:: Work task ::
Restate every line of the data word for word, except for the images.

:: The data ::
------------------------------------
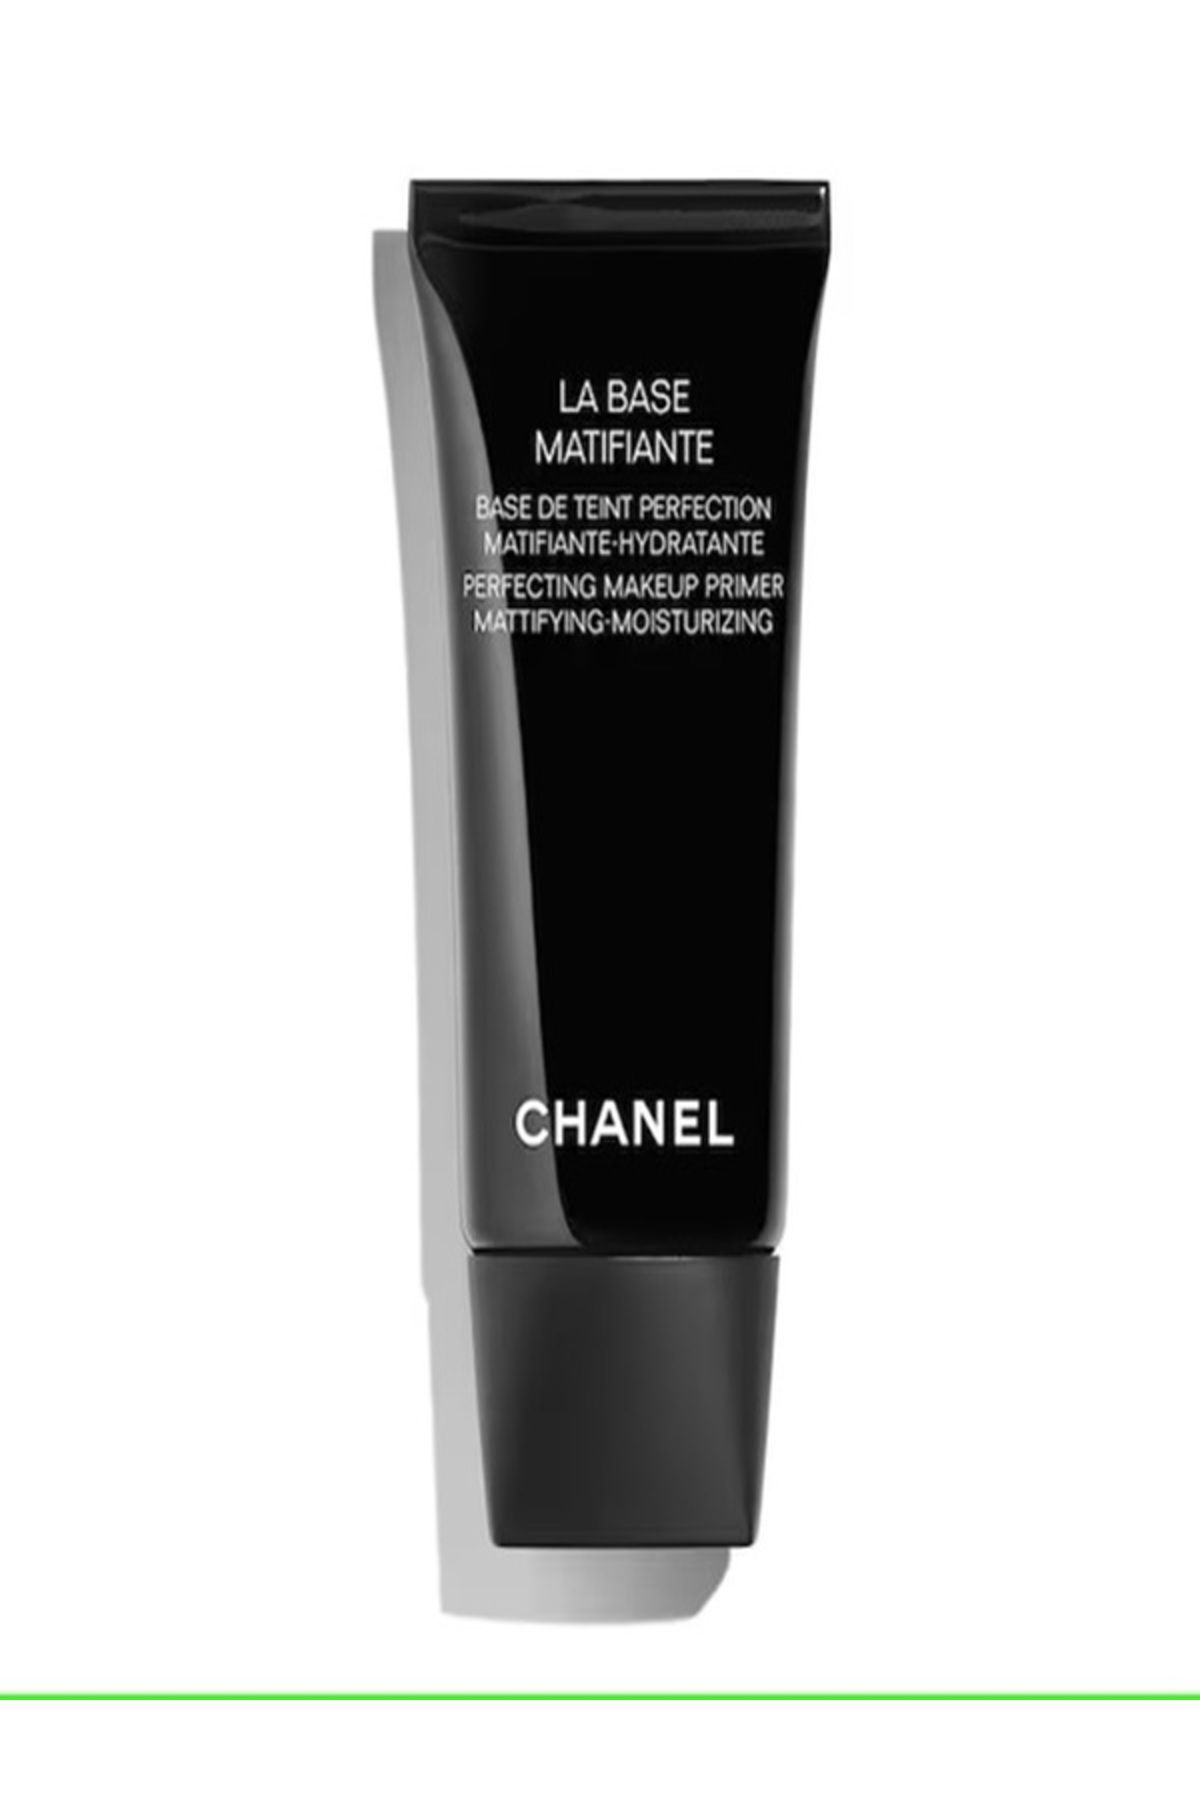 Chanel LA BASE MATIFIANTE-12 Saate Kadar Etkili Nemlendirici Pürüzsüzleştirici Matlaştırıcı Makyaj Bazı
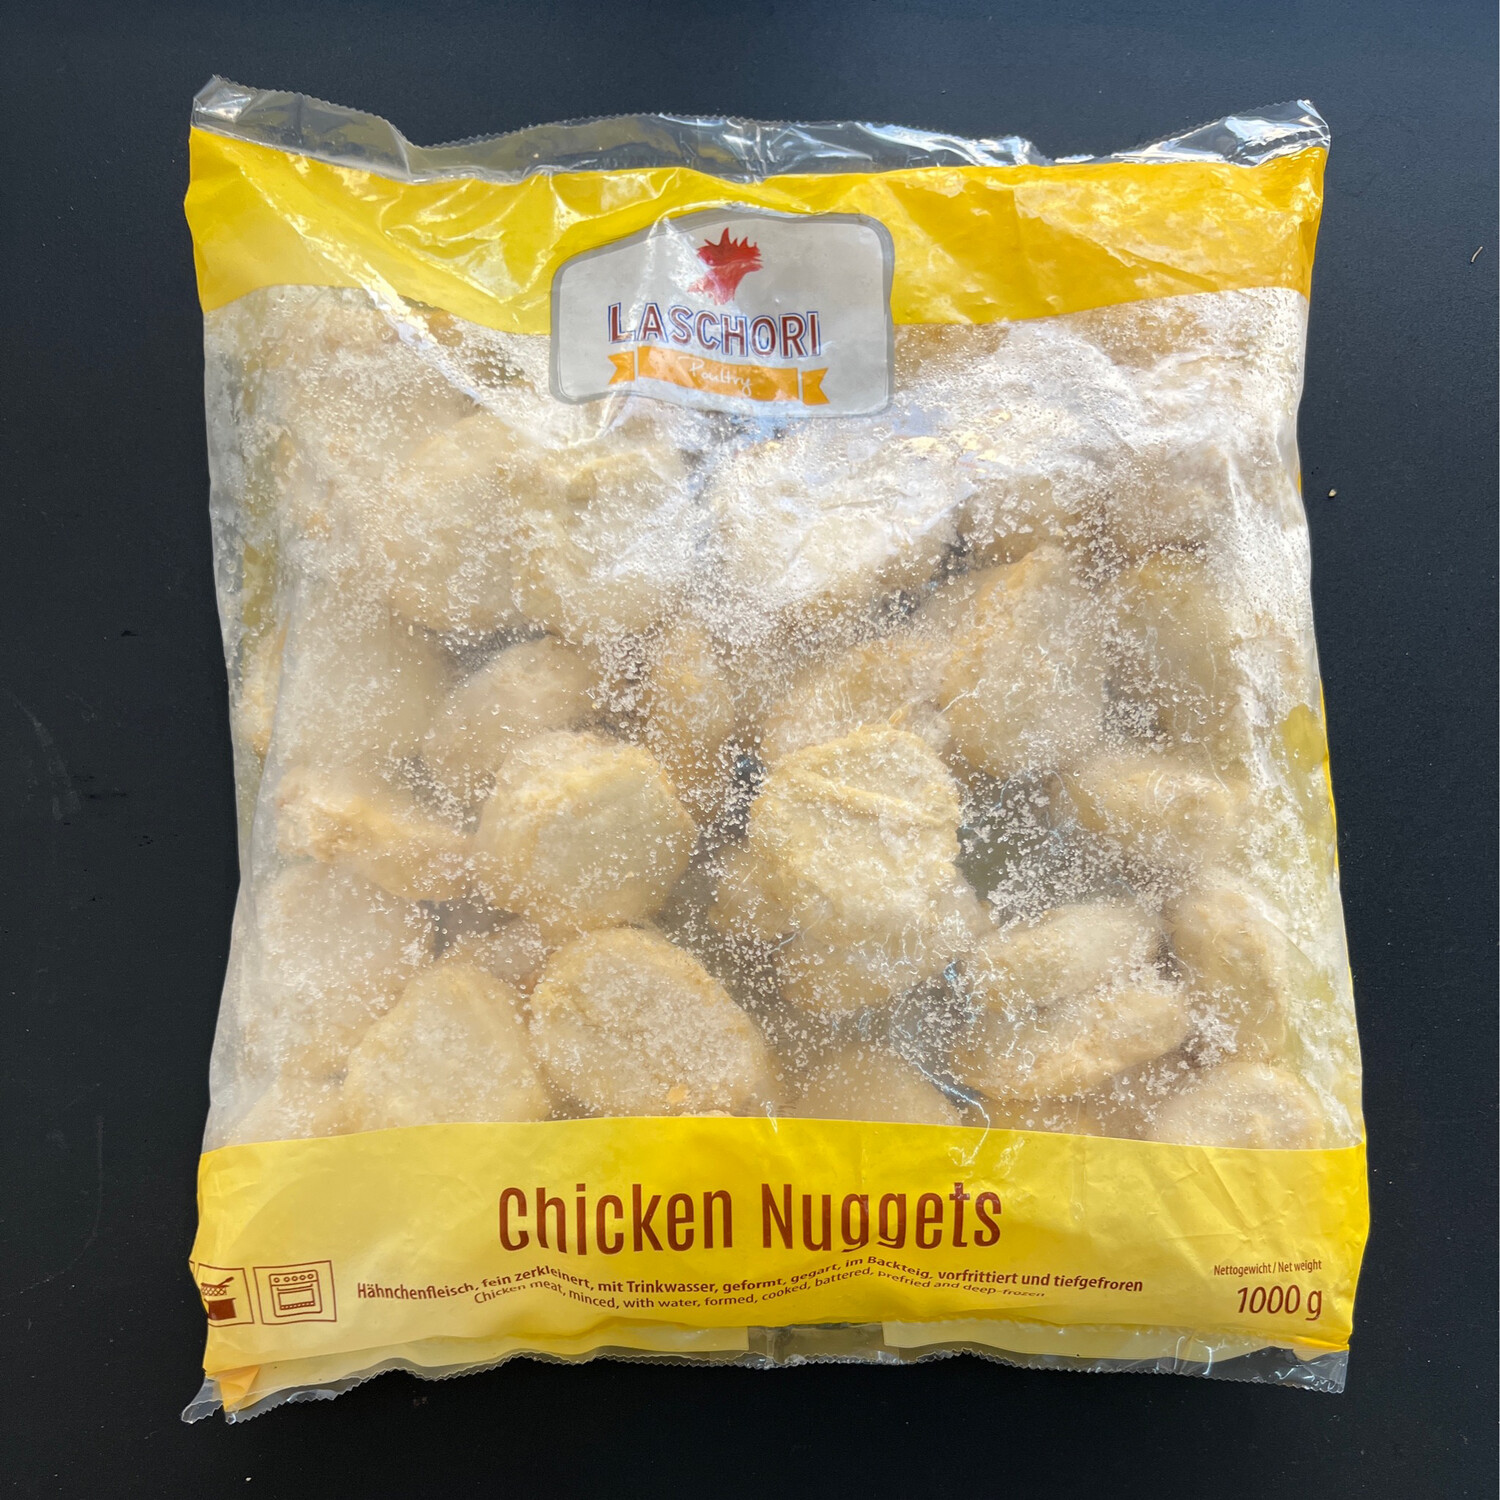 Laschori Chicken Nuggets
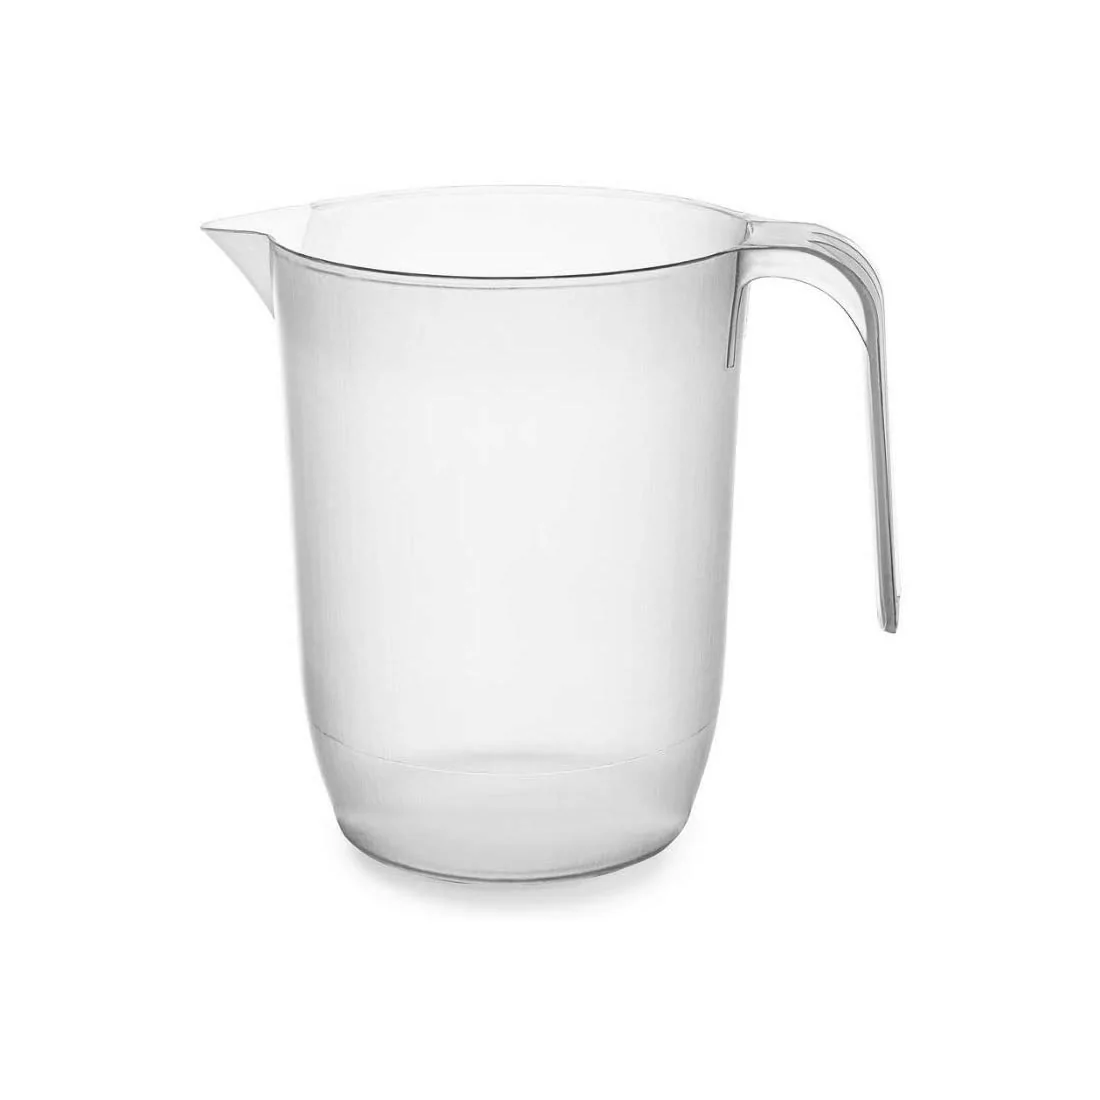 Plastic pitcher for aquarium
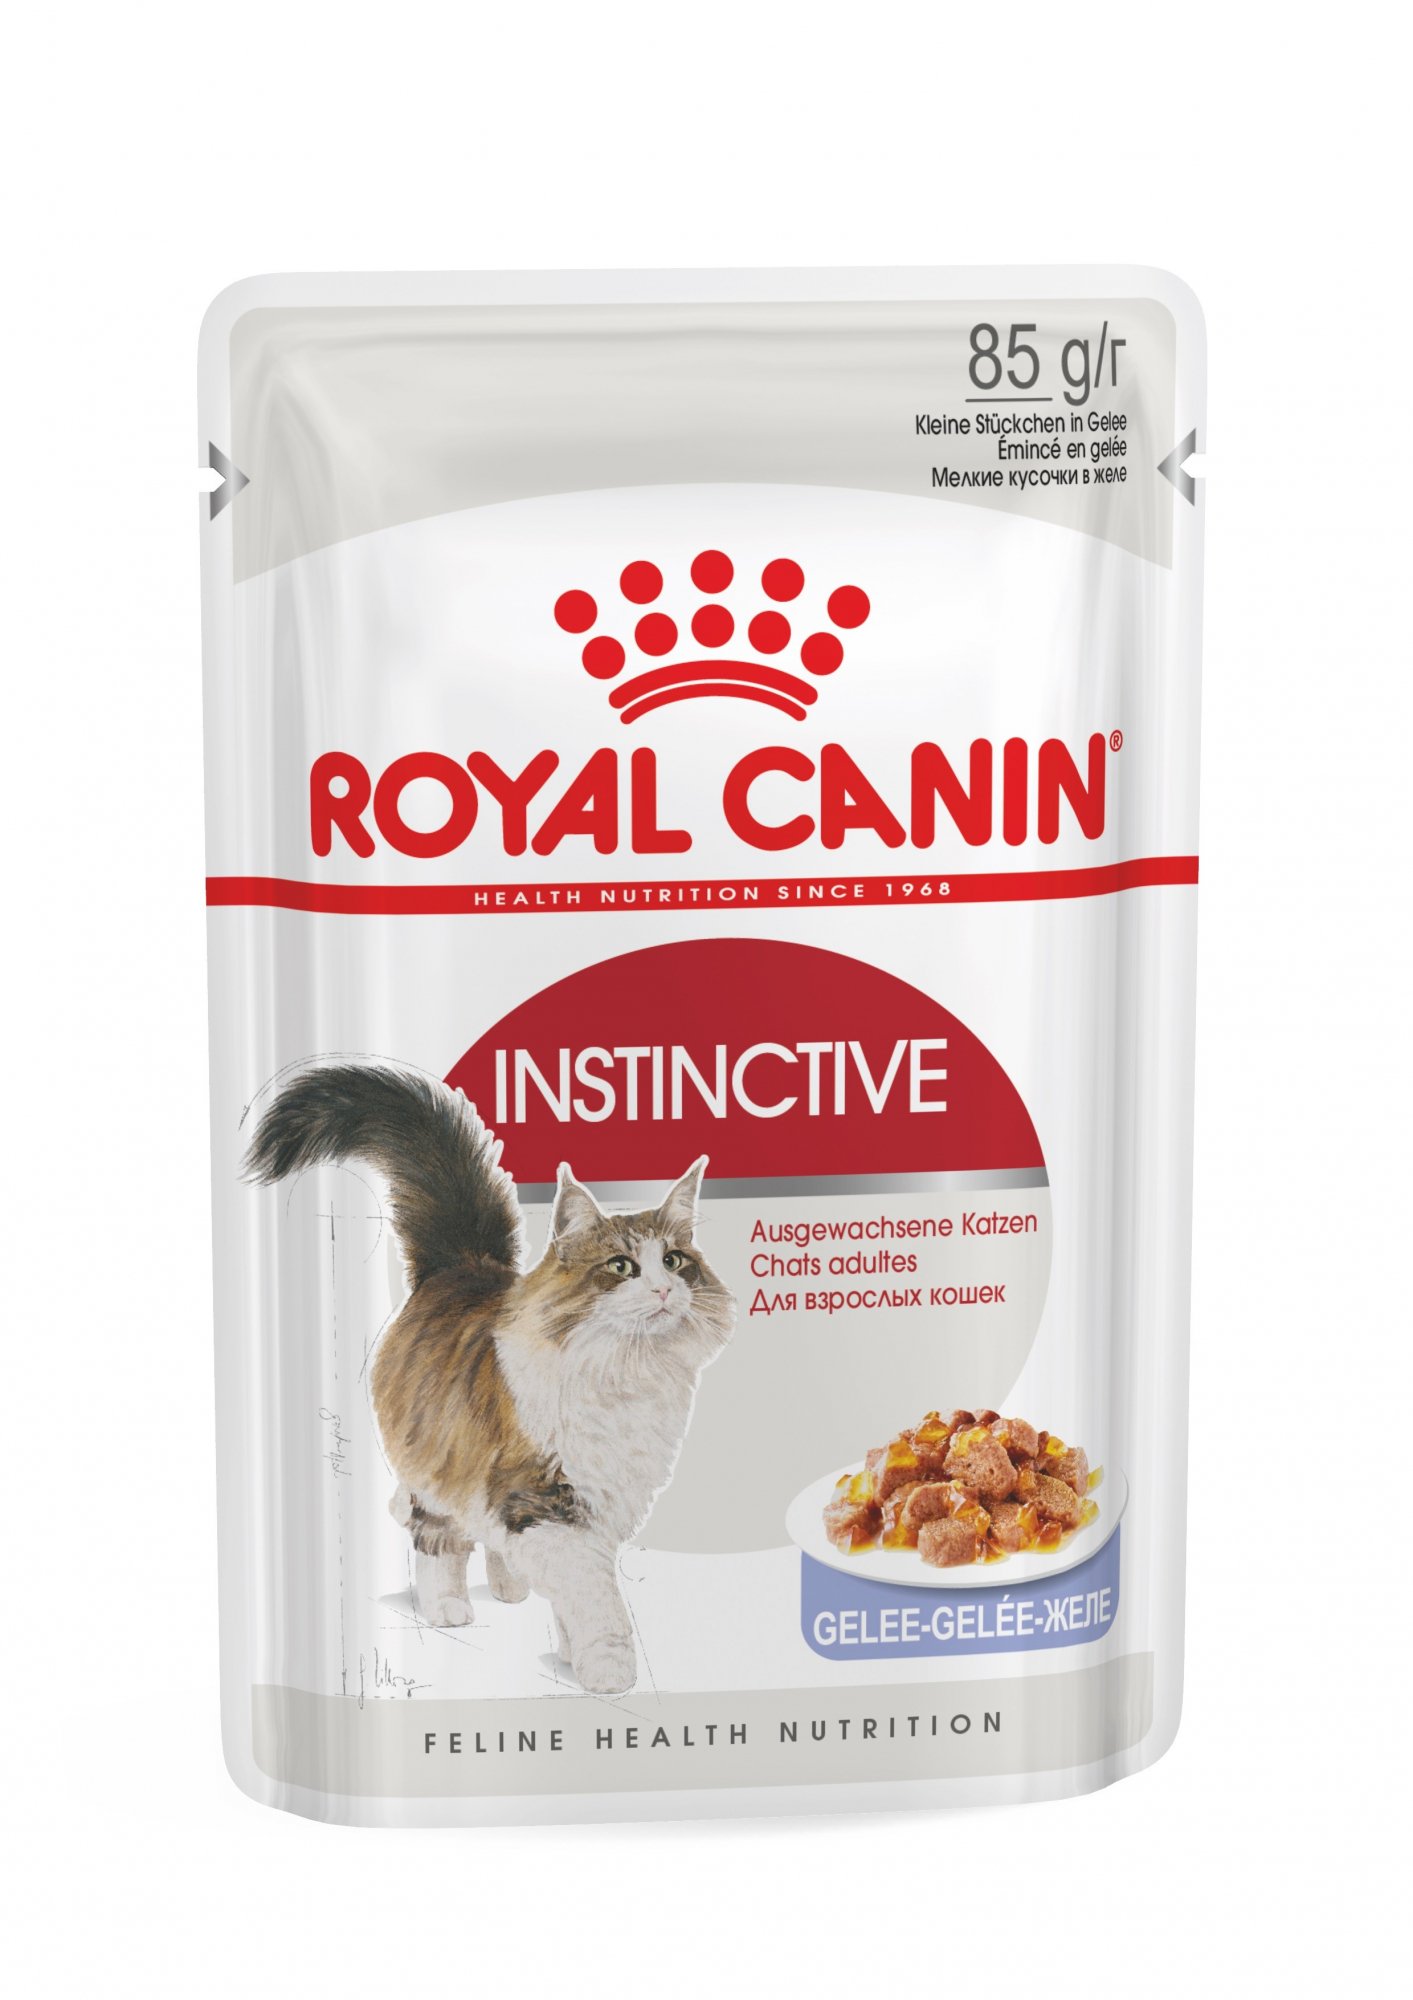 Royal Canin Instinctive Patê em geleia para gatos
------------------------------------
:: Solution for this exercise ::
 Chanel LA BASE MATIFIANTE-12 Saate Kadar Etkili Nemlendirici Pürüzsüzleştirici Matlaştırıcı Makyaj Bazı
 Laschori Chicken Nuggets
 Plastic pitcher for aquarium
 Royal Canin Instinctive Patê em geleia para gatos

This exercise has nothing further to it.